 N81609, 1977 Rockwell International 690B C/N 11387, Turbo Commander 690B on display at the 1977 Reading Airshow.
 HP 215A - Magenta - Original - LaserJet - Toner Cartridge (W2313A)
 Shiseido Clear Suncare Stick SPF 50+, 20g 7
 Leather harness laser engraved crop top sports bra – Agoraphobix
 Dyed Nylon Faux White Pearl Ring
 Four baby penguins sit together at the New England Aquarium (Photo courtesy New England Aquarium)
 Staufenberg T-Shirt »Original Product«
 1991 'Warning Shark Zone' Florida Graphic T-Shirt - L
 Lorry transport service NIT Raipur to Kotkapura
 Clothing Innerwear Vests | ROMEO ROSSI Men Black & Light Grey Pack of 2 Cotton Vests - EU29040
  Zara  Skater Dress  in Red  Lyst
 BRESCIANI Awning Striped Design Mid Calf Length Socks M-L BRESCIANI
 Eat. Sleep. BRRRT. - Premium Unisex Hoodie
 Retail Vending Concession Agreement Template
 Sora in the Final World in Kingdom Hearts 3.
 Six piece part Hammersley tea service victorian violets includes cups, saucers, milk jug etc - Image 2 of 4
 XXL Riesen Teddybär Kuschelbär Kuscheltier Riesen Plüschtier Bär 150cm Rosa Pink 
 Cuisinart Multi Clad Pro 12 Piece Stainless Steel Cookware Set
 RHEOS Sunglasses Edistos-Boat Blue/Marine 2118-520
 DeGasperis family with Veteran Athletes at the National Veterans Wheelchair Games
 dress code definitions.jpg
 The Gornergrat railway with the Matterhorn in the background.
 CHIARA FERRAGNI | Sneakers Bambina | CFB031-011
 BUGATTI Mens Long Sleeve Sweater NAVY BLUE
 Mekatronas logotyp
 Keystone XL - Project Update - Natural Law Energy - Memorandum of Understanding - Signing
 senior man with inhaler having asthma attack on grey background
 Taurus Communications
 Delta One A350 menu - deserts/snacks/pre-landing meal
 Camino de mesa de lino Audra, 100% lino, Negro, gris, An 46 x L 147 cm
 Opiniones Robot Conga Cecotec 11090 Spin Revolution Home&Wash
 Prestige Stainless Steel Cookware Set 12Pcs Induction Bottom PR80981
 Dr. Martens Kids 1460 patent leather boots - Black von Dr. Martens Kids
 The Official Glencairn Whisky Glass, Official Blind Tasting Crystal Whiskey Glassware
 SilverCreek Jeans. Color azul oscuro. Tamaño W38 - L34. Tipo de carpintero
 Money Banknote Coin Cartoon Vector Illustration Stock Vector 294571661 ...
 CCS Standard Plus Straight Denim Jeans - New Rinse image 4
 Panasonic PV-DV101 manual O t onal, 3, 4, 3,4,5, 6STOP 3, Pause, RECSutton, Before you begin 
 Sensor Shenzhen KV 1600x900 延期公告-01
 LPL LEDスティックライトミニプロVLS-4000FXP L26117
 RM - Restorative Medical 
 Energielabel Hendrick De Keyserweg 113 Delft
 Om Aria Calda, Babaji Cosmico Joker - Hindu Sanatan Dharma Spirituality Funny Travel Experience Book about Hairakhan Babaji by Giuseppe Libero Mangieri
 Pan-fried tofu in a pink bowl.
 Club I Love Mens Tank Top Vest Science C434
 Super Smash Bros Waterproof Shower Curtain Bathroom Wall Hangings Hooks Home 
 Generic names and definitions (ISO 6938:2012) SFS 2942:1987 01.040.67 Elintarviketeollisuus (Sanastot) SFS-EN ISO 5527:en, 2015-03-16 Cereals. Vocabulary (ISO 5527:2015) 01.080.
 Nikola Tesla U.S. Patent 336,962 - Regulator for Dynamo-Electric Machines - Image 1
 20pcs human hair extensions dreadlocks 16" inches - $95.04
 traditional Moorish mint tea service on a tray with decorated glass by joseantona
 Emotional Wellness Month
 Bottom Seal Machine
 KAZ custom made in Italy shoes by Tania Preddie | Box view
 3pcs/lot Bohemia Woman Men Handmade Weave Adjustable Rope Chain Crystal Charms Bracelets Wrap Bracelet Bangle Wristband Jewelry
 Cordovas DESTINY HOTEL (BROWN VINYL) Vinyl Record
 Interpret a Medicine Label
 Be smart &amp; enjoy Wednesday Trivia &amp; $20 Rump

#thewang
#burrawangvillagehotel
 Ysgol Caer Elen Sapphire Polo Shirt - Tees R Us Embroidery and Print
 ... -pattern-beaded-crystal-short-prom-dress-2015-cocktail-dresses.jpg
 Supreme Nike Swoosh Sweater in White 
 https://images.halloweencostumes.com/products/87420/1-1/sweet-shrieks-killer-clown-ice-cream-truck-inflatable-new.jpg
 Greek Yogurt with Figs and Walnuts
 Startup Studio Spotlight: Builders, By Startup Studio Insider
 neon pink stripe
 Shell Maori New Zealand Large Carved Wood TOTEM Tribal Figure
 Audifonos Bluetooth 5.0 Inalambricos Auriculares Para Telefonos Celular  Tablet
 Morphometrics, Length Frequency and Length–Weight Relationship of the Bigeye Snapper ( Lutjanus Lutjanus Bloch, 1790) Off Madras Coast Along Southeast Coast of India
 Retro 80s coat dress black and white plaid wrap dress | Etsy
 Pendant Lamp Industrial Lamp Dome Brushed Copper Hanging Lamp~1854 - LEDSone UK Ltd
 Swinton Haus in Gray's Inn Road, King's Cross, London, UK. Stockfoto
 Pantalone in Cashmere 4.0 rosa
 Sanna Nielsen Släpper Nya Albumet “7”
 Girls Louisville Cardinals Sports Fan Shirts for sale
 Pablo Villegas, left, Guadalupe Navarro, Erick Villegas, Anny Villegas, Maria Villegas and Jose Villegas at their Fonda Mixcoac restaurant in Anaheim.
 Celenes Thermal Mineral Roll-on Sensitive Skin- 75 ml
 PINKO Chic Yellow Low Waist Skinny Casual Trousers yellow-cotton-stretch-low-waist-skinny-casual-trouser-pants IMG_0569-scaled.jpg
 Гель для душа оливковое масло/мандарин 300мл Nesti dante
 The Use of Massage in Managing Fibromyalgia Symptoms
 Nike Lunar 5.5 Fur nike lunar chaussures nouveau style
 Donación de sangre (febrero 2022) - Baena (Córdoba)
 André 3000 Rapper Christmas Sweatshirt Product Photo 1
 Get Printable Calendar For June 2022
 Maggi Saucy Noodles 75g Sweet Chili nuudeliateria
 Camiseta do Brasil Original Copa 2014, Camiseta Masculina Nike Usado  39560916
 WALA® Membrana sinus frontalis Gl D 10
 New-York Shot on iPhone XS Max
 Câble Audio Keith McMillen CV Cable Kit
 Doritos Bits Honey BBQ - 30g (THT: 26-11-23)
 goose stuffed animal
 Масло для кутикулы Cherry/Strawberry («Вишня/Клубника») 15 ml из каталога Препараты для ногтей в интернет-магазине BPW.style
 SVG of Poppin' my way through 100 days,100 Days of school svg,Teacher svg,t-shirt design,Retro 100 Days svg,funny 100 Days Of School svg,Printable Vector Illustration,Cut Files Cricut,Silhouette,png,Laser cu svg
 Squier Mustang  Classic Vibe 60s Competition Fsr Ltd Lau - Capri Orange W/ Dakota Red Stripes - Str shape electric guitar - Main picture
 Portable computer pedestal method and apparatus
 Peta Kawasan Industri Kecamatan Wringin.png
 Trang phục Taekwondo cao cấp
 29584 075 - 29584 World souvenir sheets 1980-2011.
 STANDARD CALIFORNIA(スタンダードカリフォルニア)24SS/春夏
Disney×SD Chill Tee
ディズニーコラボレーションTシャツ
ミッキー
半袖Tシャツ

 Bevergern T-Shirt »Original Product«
◇ ◇ ◇ ◇
_TRY IT_.
Take from the material above the lines running from the one with "The Gornergrat railway" through the one with "Taurus Communications", and repeat them exactly, with nothing else.

_SOLUTION FOR THIS TASK_.
 The Gornergrat railway with the Matterhorn in the background.
 CHIARA FERRAGNI | Sneakers Bambina | CFB031-011
 BUGATTI Mens Long Sleeve Sweater NAVY BLUE
 Mekatronas logotyp
 Keystone XL - Project Update - Natural Law Energy - Memorandum of Understanding - Signing
 senior man with inhaler having asthma attack on grey background
 Taurus Communications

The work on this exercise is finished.